**Extracted records:**

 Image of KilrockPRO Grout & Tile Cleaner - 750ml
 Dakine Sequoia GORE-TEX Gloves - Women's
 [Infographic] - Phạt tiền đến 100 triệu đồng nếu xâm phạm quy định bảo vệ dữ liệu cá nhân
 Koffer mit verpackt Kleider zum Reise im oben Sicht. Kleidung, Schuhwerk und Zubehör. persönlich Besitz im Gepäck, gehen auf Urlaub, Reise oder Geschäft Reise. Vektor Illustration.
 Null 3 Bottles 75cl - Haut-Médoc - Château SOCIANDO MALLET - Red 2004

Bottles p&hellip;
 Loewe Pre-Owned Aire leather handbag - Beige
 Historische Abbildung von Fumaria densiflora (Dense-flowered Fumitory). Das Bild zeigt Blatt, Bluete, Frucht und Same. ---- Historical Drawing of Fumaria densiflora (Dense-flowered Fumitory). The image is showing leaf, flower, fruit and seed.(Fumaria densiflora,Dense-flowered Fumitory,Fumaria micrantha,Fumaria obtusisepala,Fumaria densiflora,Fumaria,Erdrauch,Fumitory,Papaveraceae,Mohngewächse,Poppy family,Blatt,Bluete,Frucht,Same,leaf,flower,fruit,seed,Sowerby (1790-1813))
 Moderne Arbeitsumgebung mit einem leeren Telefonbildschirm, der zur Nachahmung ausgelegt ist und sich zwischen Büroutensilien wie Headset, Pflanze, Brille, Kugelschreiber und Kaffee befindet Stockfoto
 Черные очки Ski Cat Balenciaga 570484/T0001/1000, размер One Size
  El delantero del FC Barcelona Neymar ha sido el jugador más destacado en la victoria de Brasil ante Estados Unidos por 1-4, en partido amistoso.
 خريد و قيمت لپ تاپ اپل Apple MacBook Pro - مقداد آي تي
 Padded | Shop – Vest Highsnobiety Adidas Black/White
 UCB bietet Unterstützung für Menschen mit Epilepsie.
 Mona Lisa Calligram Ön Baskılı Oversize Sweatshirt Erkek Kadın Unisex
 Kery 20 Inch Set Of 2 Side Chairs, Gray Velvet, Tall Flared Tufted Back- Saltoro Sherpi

**ASSIGNED TASK:** What is needed is a single figure, the number of lines in the entries above that contain "Bottles".

**ANSWER SECTION:** 2